- _Raw data_:
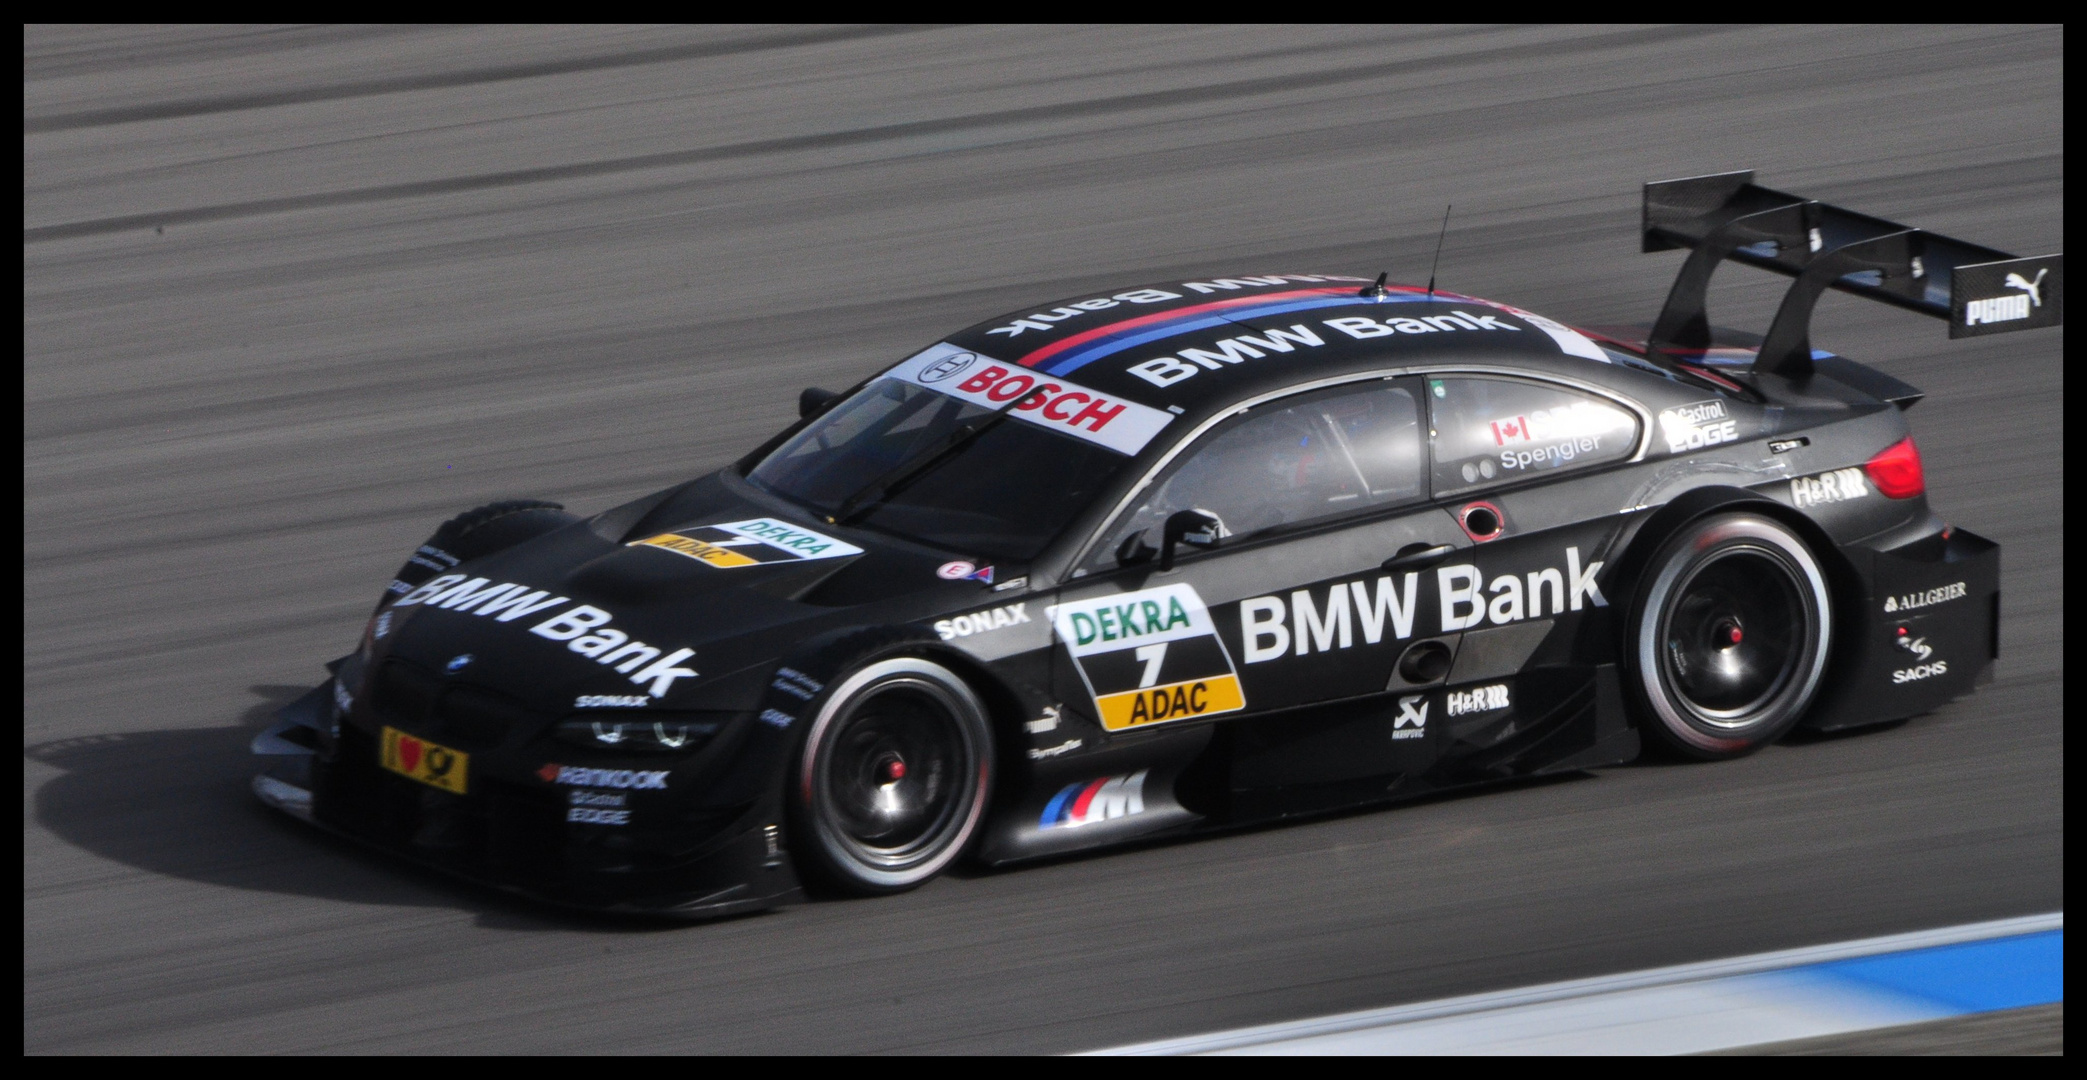 Der neue Meister der DTM - Bruno Spengler
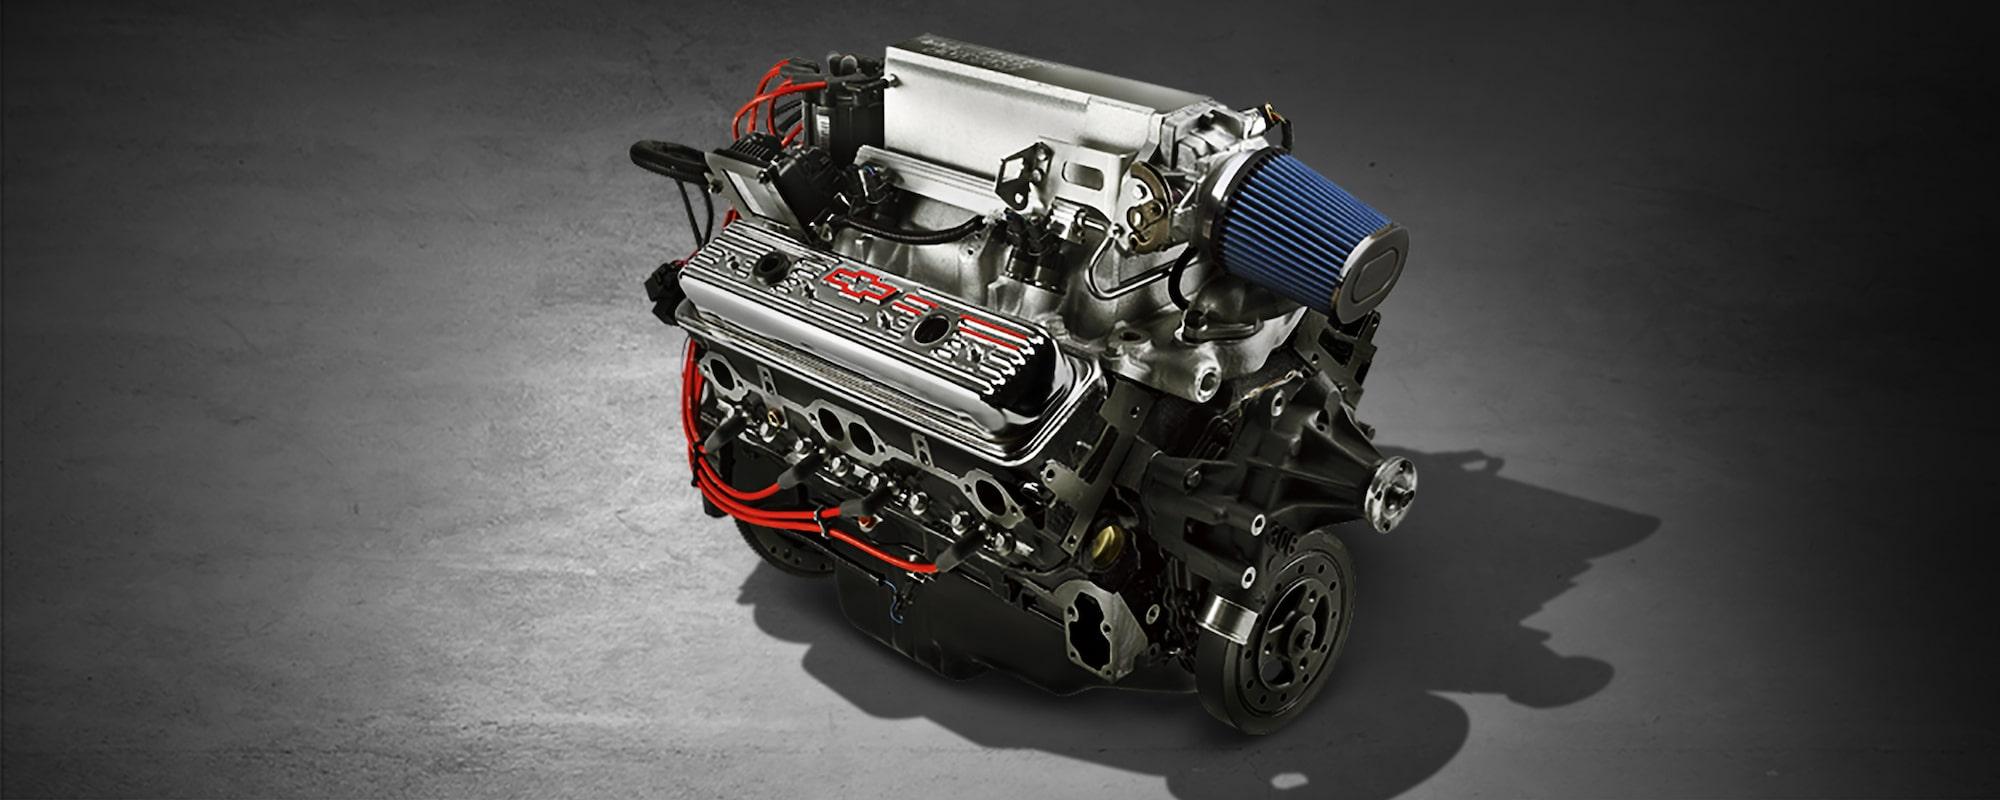 350 Chevy Ramjet Motor Wiring Diagram Diagrams 1989 Alternator Ram Jet Small Block Crate Engine Chevrolet Performance Rh Com
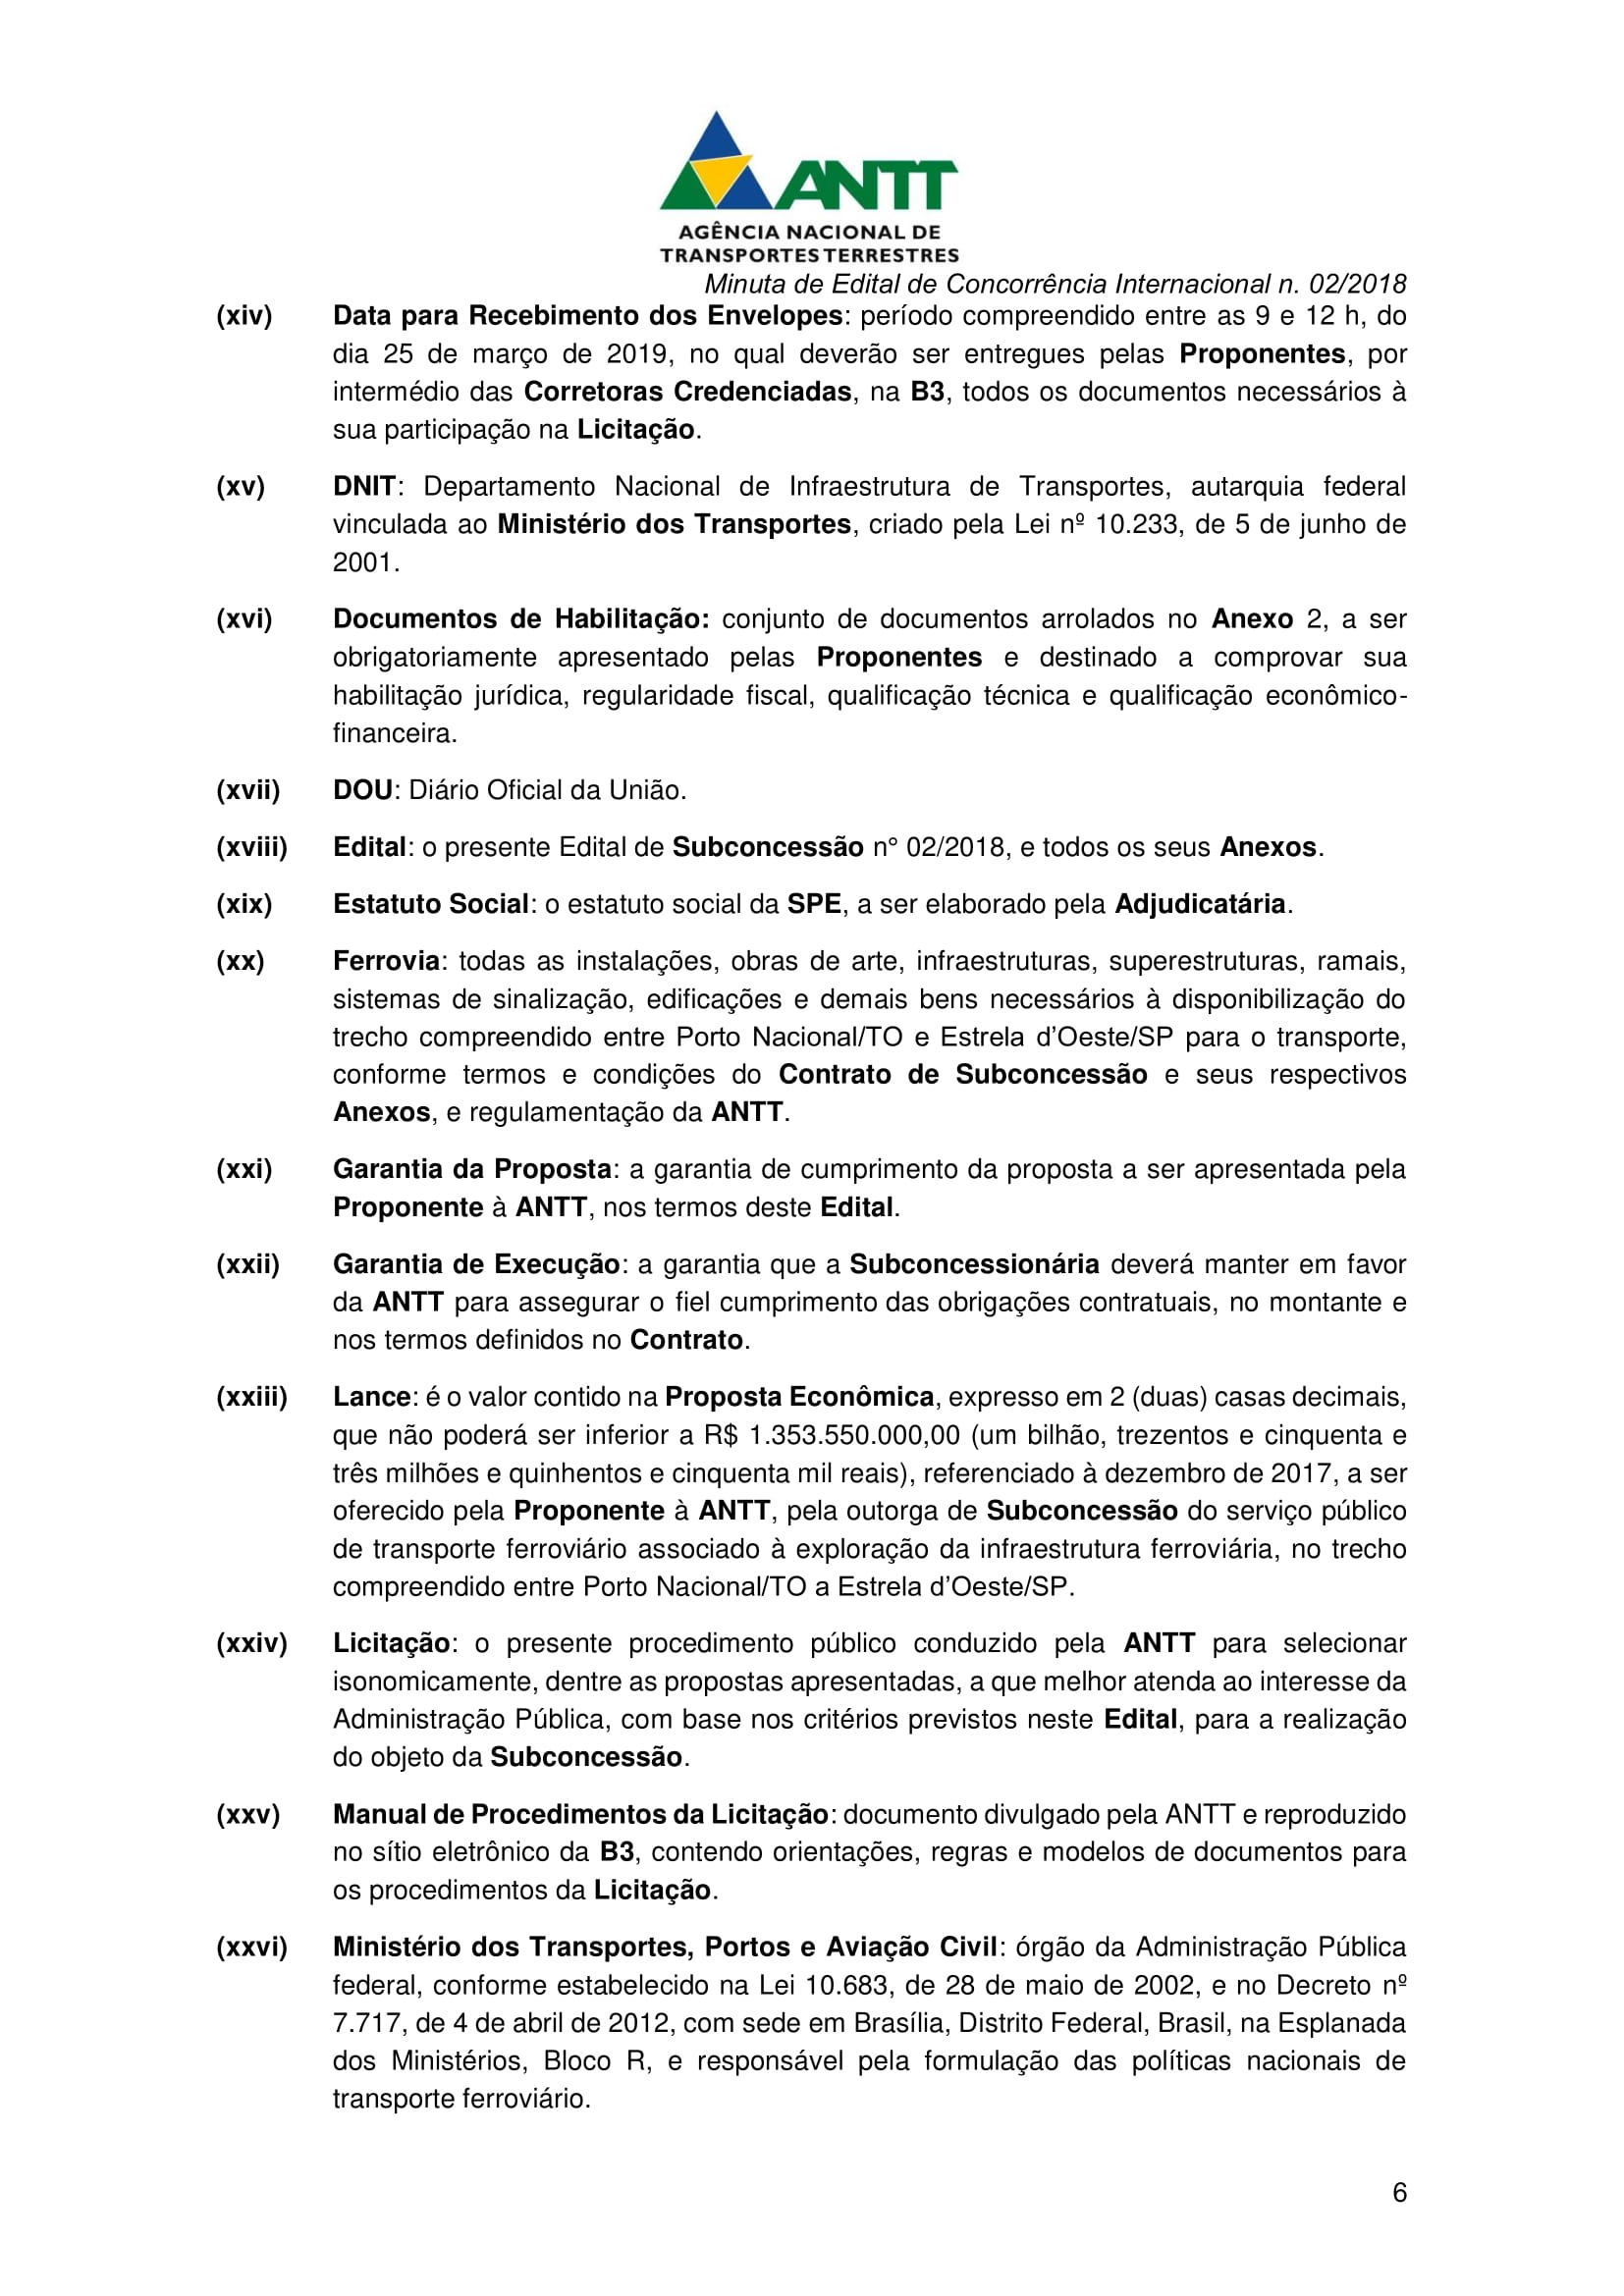 minuta_de_edital_-_porto_nacional-estrela_doeste-06

- _What you will do_:
Retype the whole listing, keeping every line identical and omitting all pictures.

- _Response area_:
 Der neue Meister der DTM - Bruno Spengler
 350 Chevy Ramjet Motor Wiring Diagram Diagrams 1989 Alternator Ram Jet Small Block Crate Engine Chevrolet Performance Rh Com
 minuta_de_edital_-_porto_nacional-estrela_doeste-06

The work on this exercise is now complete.